Percevejos de cama: leito da extrema-direita (Coluna da APPOA)

Reprodução/CNews
Reprodução/CNews

Alfredo Gil (*)

Os preparativos para os Jogos Olímpicos, que devem acontecer na França no ano que vem, têm sido intensos. A expectativa é tal que uma das façanhas é de tornar possível que algumas atividades aquáticas aconteçam no Sena. São 1,4 milhões de euros investidos para retirar séculos e séculos de lixos e sujeiras que este rio acumulou ao longo da história parisiense. Trabalho de formiguinha. 

Porém, um intruso inesperado vem dando muito o que falar desde a semana passada, borrando assim a imagem do país. Ao que se diz Paris e outras grandes cidades estariam infestadas de percevejo de cama. Este fez as manchetes da imprensa local e europeia. O parasita virilizou-se nas redes sociais com imagens, fotos e vídeos nos quais ele é captado em flagrante, instalado no espaço público, nos bancos dos ônibus, metros, nas salas de cinema e teatro. A psicose vem tomando conta da população. Os que podem evitam o transporte coletivo, e outros suspendem os lazeres fora de casa. Os especialistas em desinfestação orientam a população nos numerosos programas de tevê ou rádio e os entomólogos explicam o fundamento, ou não, de tamanha preocupação diante de um inseto que nos acompanha muito antes da era cristã.

Os relatos das pessoas que tiveram que enfrentar este parasita em suas residências são alarmantes. Apesar de não ser um transmissor de doenças, as consequências podem ser graves até o momento de erradicar completamente o bicho. O custo moral e financeiro pode ser alto. 

A crise que este pequeno vampiro desencadeou obrigou o governo a tomar algumas medidas interministeriais. Mas isso não é o que nos interessa.

Pois, se os estragos podem ser desastrosos para os lares contaminados, sobretudo para os que não têm recurso financeiro para combater o parasita, exigindo medidas governamentais importantes, esta praga veio revelar como o debate midiático e político está profundamente infestado por um outro parasita infinitamente mais nefasto que o percevejo de cama, que é a extrema direita. 

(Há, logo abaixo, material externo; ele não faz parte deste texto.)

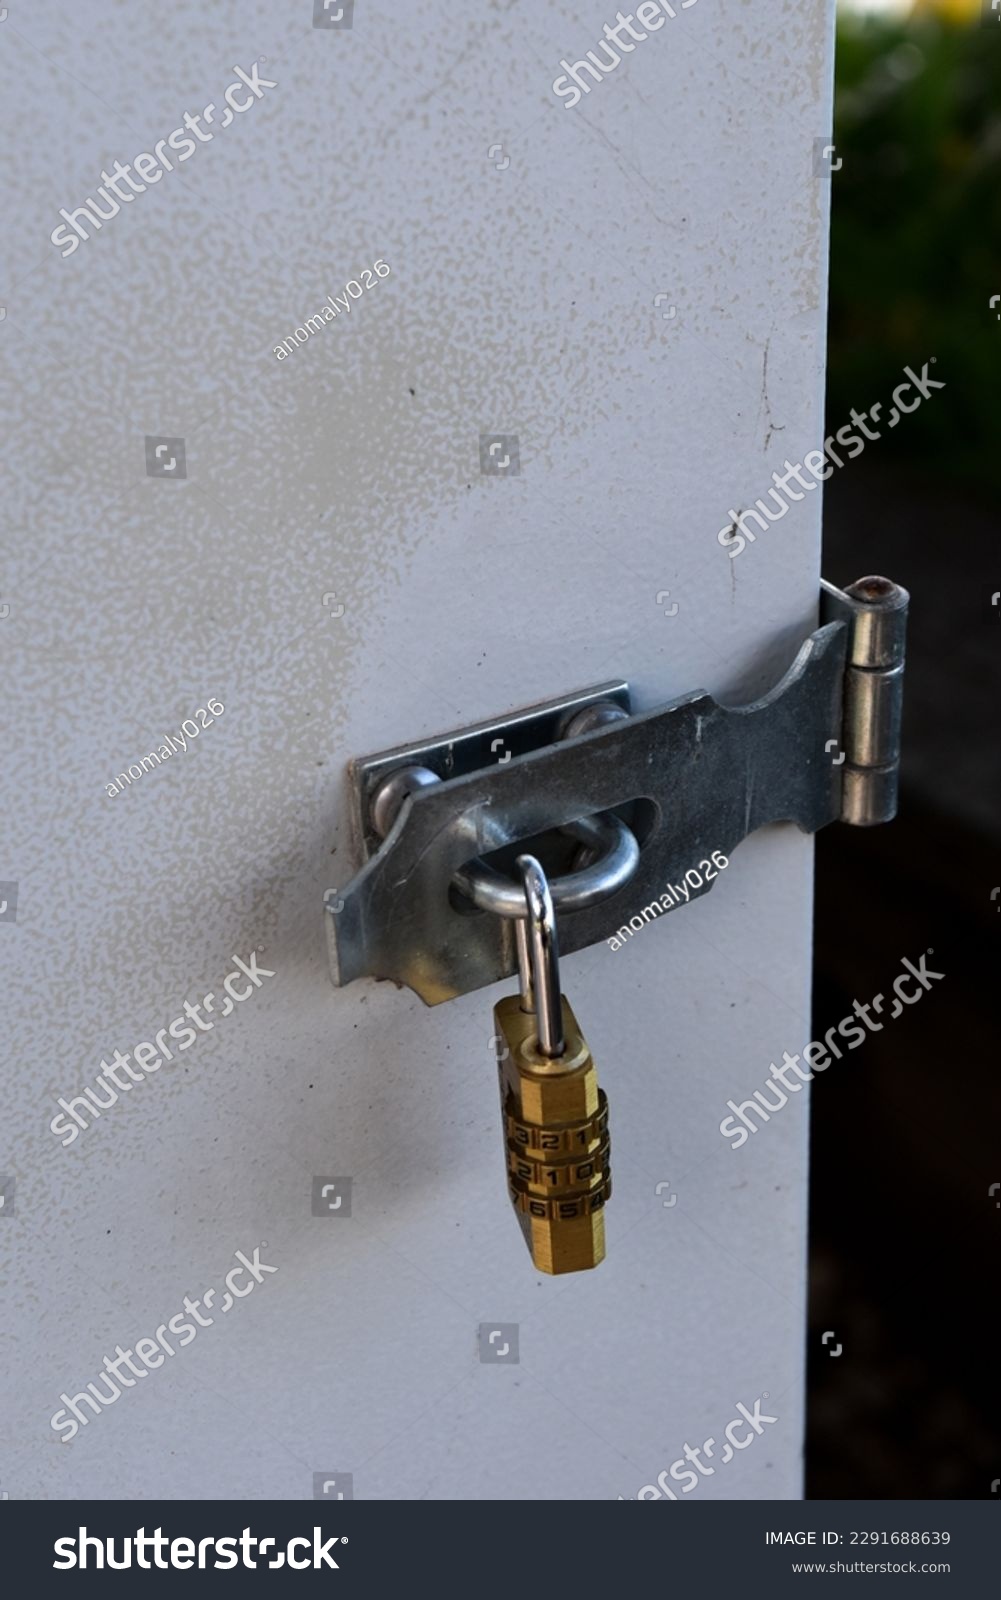 A padlock attached to a door or fence, photo taken in a town called montreux, april 19, 2023, switzerland. #2291688639

Ela vem contaminando a democracia francesa. Além do partido de extrema direita, Rassemblement National ( RN, ex-Front National ) liderado pela família Le Pen, vários analistas políticos observam – e mesmo alguns representantes da direita denunciam – as afinidades ideológicas do governo do presidente Emmanuel Macron com a ala do RN. Por vezes, seu governo é capaz de ultrapassar o partido tradicional de extrema direita, no terreno de predileção destas facções que é a política imigratória. Ou seja, se mostrando mais ao extremo que a extrema Le Pen. Foi assim que o atual Ministro do Interior, Gérald Darmanin (cria direta do ex-presidente Nicolas Sarkosy), num debate com Marine Le Pen, afirmou que ela anda “mole” em suas considerações sobre os imigrantes, e que ela deveria “tomar algumas vitaminas”. 

É neste contexto quase obsceno, em que o imigrante encarna todos os males, que o inimaginável aconteceu, ou seja, assistiu-se no canal CNews, na semana passada, em horário nobre, uma proposição de causalidade entre percevejos e imigrantes: e se a presença massiva destes explicasse a invasão daqueles ?  Aqui, um lembrete ao leitor: CNews pertence ao bilionário Vincent Bolloré a quem devemos a produção, em poucos meses, de modo laborioso,  nas eleições do ano passado, de um outro candidato de extrema direita, além da Marine Le Pen, chamado Eric Zemmour. Então, foi no  programa do jornalista Pascal Praud que, entrevistando um especialista sobre a contaminação dos percevejos de cama costurou num passe de mágica, na mesma frase, o “problema” da “presença massiva” de imigrantes com o parasita, o percevejo de cama. “Gostaria de perguntar se não são as pessoas (os imigrantes) que não têm as mesmas condições de higiene dos que são do solo francês que os trazem (os percevejos de cama) por estarem na rua ? ” 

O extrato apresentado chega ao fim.